Roll the dice and and go see Inherent Vice
By Otto Pippenger
The Guardsman
Paul Thomas “Anderson’s Inherent Vice,” adapted from the Thomas Pynchon novel of the same name, is a wonderfully easy film to watch and a hard one to figure out.
With a plot centering around an ever widening conspiracy that only expands rather than explains, the film takes aim at the very concept of “solving” a crime. It addresses an end-of-the-sixties malaise that questions whether the hippy movement was laid low by government design or by itself. It also speaks to a more universal paranoia over whether any force has caused the disappointments of our lives or if the conspirators and powerful men of the world are as ineffectual as the rest of us.
The film is also hilarious throughout, structured as a series of escalations that some how remain resonant no matter what degree of absurdity they reach.
Set in Los Angeles at the onset of the seventies, the film follows part-time private eye and full time hippy Doc Sportello (Joaquin Phonenix) who is asked by his ex-girlfriend Shasta Fay Hepworth (Katherine Waterson) to prevent a plot to commit her wealthy real-estate developer lover to an asylum. Shortly thereafter, black militant Tariq Kahlil (Michael K. Williams, well known for playing the infamous Omar on The Wire) asks him to track down one of the real estate developer’s Nazi bodyguards. Next Sportello quickly finds himself framed for murder. The plot proceeds from there into more convoluted territory that reviewers and the director himself have despaired of untangling.
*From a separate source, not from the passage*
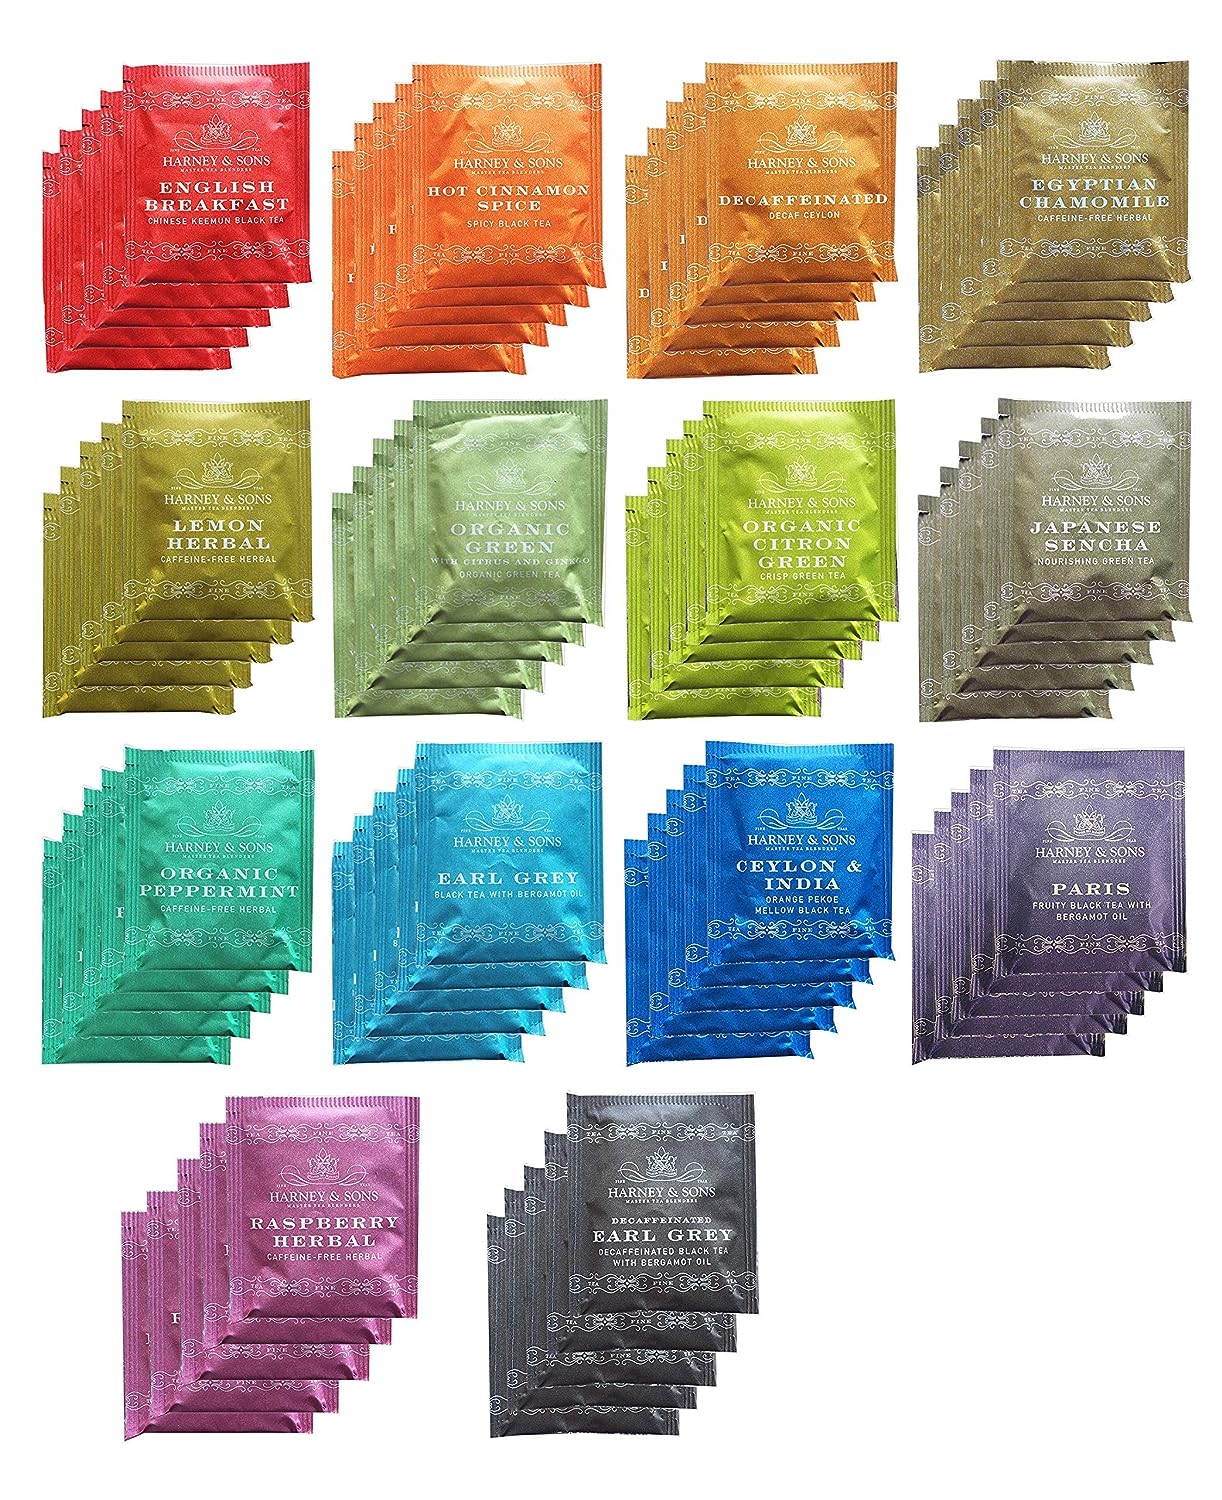 Wholesale prices with free shipping all over United States Harney & Sons Assorted Tea Bag Sampler 42 Count With Honey Crystal Packs Great for Birthday, Hostess and Co-worker Gifts - Steven Deals

This film is about the characters and scenes which Anderson has brought to life with the same sense of the surreal yet important he displayed in Magnolia’s biblical rain of frogs. When the plot resolves it has not been solved by either the audience or Sportello. Despite the confusion at the end, viewers will appreciate being brought into such an intricate world during the course of the film.
The strongest aspects of the film are its ancillary characters, from Josh Brolin’s Christian “Bigfoot” Bjornsen, avatar of police brutality, and part time actor, to former pornstar Belladonna’s brief but impressive turn as the sister of a murdered Nazi with a fondness for Nitrous Oxide.
The plot is challenging, but every single scene is one that deserves to be viewed as its own entity. It is rewarding if you can give up on following the plot.
The film is shot on 35mm film, and recalls both visually and thematically Robert Altman’s faded postcard take on “The Long Goodbye,” both being films showing a well meaning detective from an earlier era unable to find clear culprits amidst the universal culpability of the oncoming Nixon era.
Similarly it also brooks an equally valid comparison to the “Big Lebowski.” If you have ever been captivated by a spectacular shot of LA, or have any interest in honest moral inquiry in a milieu that defies and negates it through force, ridicule, and pointlessness at every turn then there is no reason that this movie will not stand amidst its thematic peers as a film not just worth seeing, but owning. And hey, go ahead and read the book.